What is the Pathology of Germ Cell Tumors?

Etiology: The cause of Germ Cell Tumors is unknown.

Genes involved: Unknown. 

Pathogenesis: Proliferation of germ cells. 

Histology: The histology associated with Germ Cell Tumors shows resemblance to seminoma / dysgerminoma. There are epithelioid cells with abundant PAS+ cytoplasm, and large, round nuclei with irregularity and pleomorphism. They may have prominent nests of lymphocytes with occasional granulomatous inflammation that may obscure tumor cells. Frequent mitotic activity and necrosis may be observed.

How does Germ Cell Tumors Present?

Patients with Germ Cell Tumors typically are of age group 10-19 years and males are more commonly affected. The symptoms, features, and clinical findings associated with Germ Cell Tumors include thirst, excess urination, nausea, and vomiting. 

How is Germ Cell Tumor Diagnosed?

Germ cell tumor is diagnosed by physical exam and biopsy. 

How is Germ Cell Tumor Treated?

Germ cell tumors are treated by surgical resection with or without chemotherapy. 

What is the Prognosis of Germ Cell Tumors?

The prognosis of Germ Cell Tumors is fair. 

What is a Pineal Parenchymal Tumors? 

A pineal parenchymal tumor is a primary central nervous system (CNS) tumor. These tumors begin in the brain (in the pineal gland) but can spread to the spinal cord.

What is the Pathology of Pineal Parenchymal Tumors?

Etiology: The cause of Pineal Parenchymal Tumors is unknown.

Genes involved: SYP (Synaptophysin).

Pathogenesis: Abnormal proliferation of pineal cells.   

Histology: The histology associated with Pineal Parenchymal Tumors shows 2 distinct morphologic subtypes: large-cell and small-cell. H&E stained sections of the large-cell subtype show larger nuclei with greater nuclear pleomorphism, more abundant cytoplasm, and more abundant neurophil-like stroma in the background. H&E stained sections of the small-cell subtype show smaller, more uniform nuclei with inconspicuous nucleoli and scant cytoplasm with very little stroma in the background.

How does Pineal Parenchymal Tumors Present?

Patients with Pineal Parenchymal Tumors are typically males. The common age group is 20-64 years. The symptoms, features, and clinical findings associated with Pineal Parenchymal Tumors include headaches, nausea, and vomiting. 

How is Pineal Parenchymal Tumor Diagnosed?

Pineal Parenchymal Tumor is diagnosed by biopsy. 

How is Pineal Parenchymal Tumor Treated?

Pineocytomas are treated with surgical resection. If complete or subtotal resection is accomplished, the outcome is favorable, even without adjuvant treatment.

What is the Prognosis of Pineal Parenchymal Tumors?

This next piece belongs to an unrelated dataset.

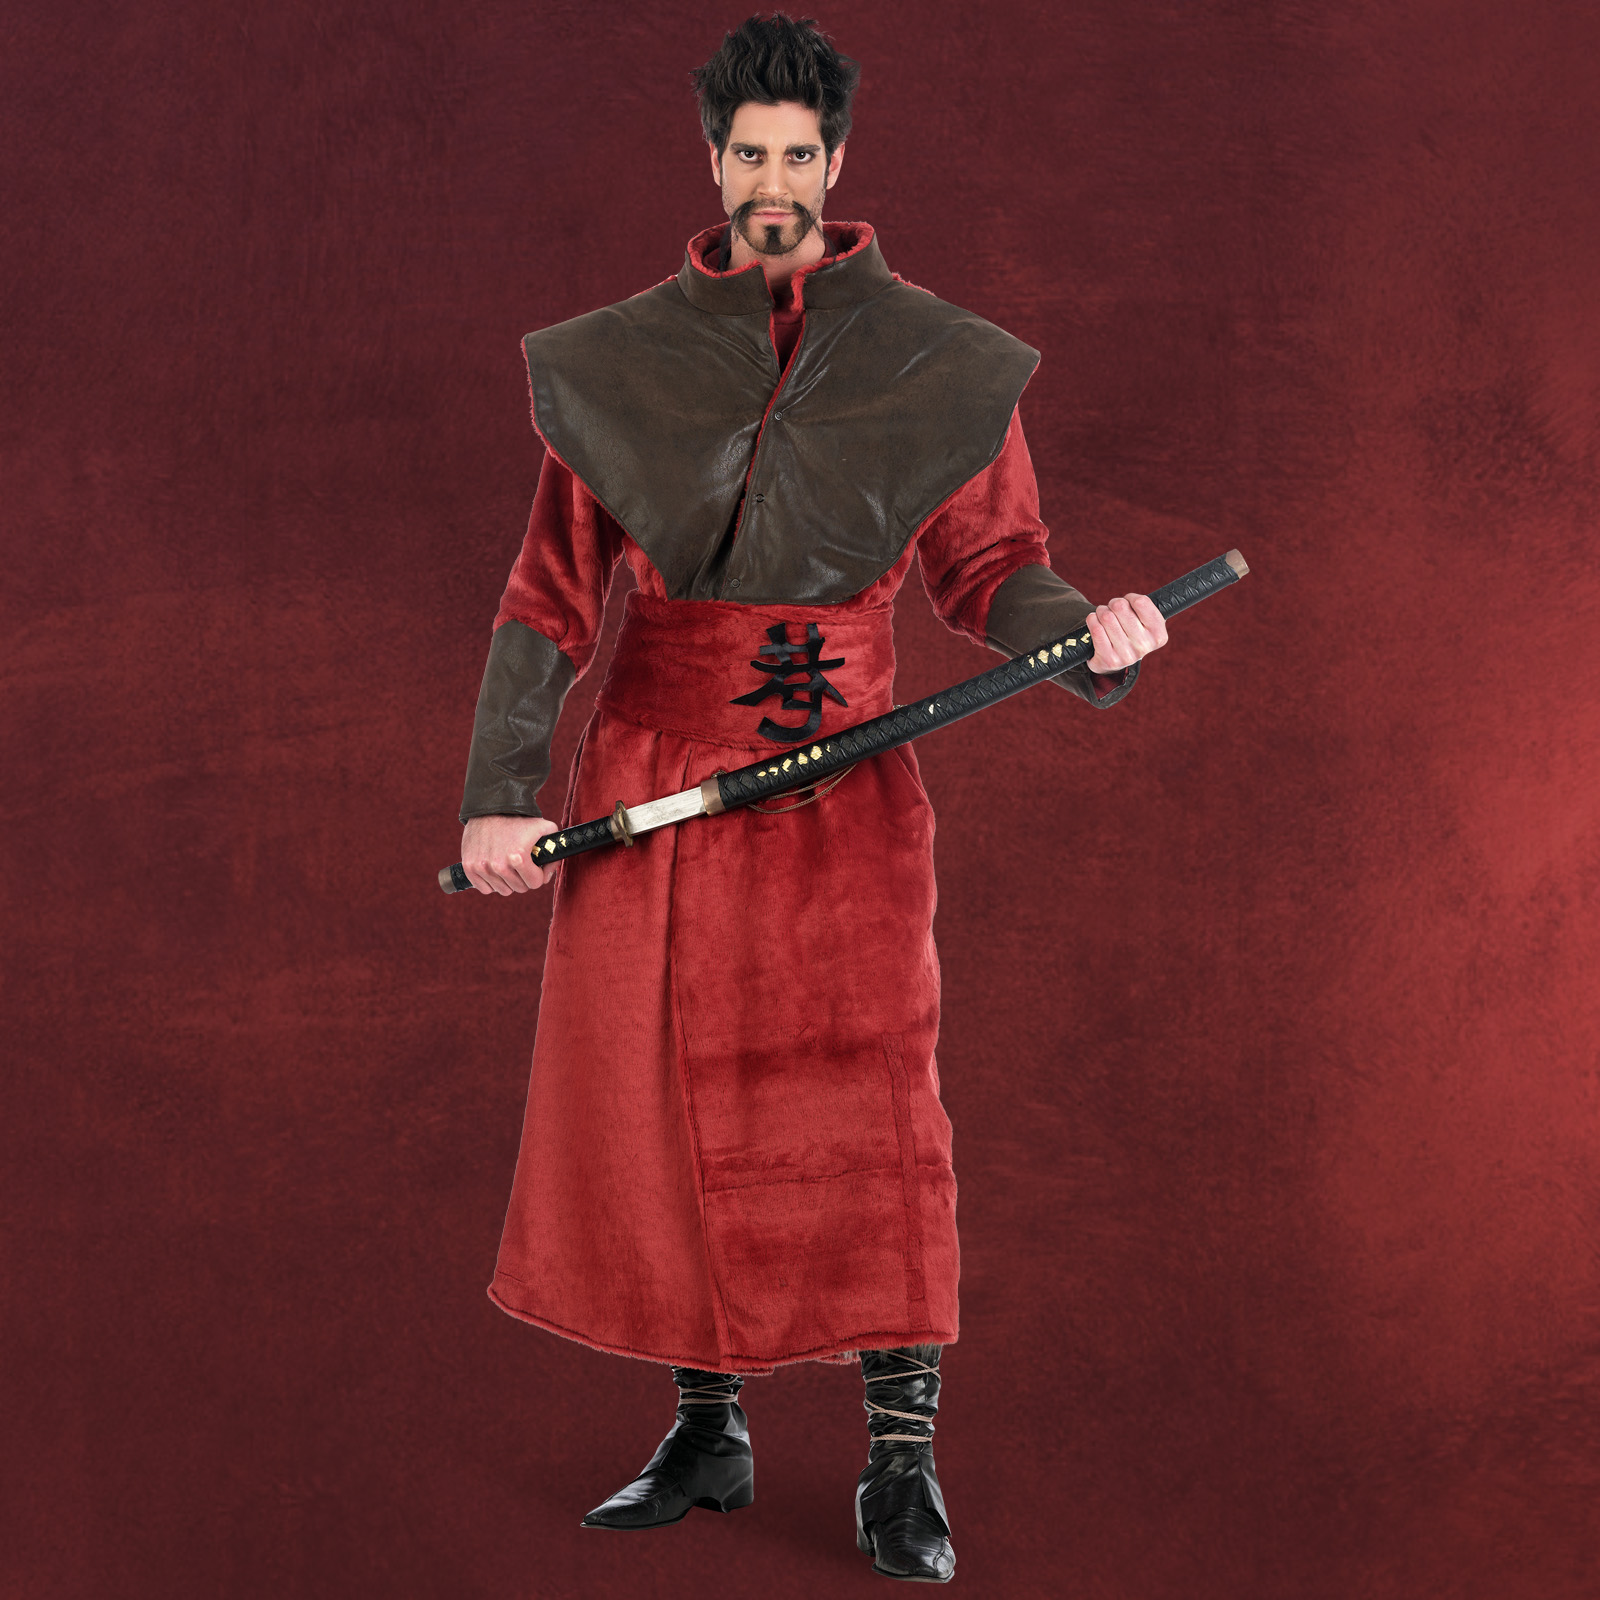 herren fasnachtskost m samurai in ebikon kaufen bei. Black Bedroom Furniture Sets. Home Design Ideas

The prognosis of Pineal Parenchymal Tumor is poor, but can get better with treatment. 

What are Meningiomas?

Meningiomas are the most common type of primary brain tumors. These tumors originate in the meninges, which are the outer three layers of tissue between the skull and the brain that cover and protect the brain just under the skull.

What is the Pathology of Meningioma?

Etiology: The causes of meningioma include radiation, hormone replacement therapy, and germ line mutations.

Genes involved: Monosomy 22, NF2, TRAF7, AKT1, KLF4, SMO, and PIK3CA.

Pathogenesis: Meningiomas driven by chromosome proliferation of atypical cells. 

Histology: The histology associated with Meningioma shows epithelioid cells with round to oval nuclei and streaked cytoplasm. It may contain intranuclear pseudoinclusions. Meningothelial nests or whorls and psammoma bodies.

How does Meningioma Present?

Patients with Meningioma typically are adult females, with age greater than 65 years. The symptoms, features, and clinical findings associated with Meningioma include vision changes, head aches, and weakness. 

How is Meningioma Diagnosed?

Meningioma is diagnosed by biopsy. 

How is Meningioma Treated?

Meningioma is treated with surgery. 

What is the Prognosis of Meningiomas?

The prognosis of Meningiomas is fair. 

What are Familial Tumor Syndromes? 

Familial tumor syndromes are genetic disorders in which inherited genetic mutations in one or more genes predispose the affected individuals to the development of certain cancers, 

Examples of familial tumor syndromes include:

• Tuberous sclerosis
• Von Hippel-Lindau disease 
• Neurofibromatosis

What is Tuberous Sclerosis? 

Tuberous sclerosis is a rare genetic multisystem disorder with a wide range of potential signs and symptoms and is associated with the formation of benign tumors.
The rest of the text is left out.